**EXERCISE DETAILS**: When the string "Example" is part of a line below, that line should be copied.
++++++++++
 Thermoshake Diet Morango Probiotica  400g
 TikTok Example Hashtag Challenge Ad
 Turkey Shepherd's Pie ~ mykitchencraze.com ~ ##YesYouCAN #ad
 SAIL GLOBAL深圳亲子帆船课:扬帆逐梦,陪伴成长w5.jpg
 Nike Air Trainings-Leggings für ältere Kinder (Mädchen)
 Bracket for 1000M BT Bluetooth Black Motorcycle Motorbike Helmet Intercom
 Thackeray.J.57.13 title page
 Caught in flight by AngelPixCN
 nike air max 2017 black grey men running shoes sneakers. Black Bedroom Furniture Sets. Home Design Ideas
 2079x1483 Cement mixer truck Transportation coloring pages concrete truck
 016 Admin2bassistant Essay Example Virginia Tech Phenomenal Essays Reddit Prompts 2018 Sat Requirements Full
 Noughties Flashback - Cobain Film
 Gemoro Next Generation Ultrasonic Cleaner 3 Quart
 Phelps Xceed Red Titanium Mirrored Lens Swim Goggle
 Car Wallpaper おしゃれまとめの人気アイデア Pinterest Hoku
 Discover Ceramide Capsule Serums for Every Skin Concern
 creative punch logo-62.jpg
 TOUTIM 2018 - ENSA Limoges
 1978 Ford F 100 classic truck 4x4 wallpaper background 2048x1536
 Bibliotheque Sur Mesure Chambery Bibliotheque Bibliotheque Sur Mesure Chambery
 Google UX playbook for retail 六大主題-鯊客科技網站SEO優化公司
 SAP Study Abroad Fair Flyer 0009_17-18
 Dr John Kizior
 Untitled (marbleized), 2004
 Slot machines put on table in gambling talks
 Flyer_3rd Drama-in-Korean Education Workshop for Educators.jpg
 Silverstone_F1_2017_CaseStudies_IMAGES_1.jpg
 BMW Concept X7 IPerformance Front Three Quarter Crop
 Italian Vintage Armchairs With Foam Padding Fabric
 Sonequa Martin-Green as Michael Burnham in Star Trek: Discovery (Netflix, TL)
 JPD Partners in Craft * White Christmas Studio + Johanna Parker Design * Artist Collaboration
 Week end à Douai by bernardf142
++++++++++
**REPLY**:
 TikTok Example Hashtag Challenge Ad
 016 Admin2bassistant Essay Example Virginia Tech Phenomenal Essays Reddit Prompts 2018 Sat Requirements Full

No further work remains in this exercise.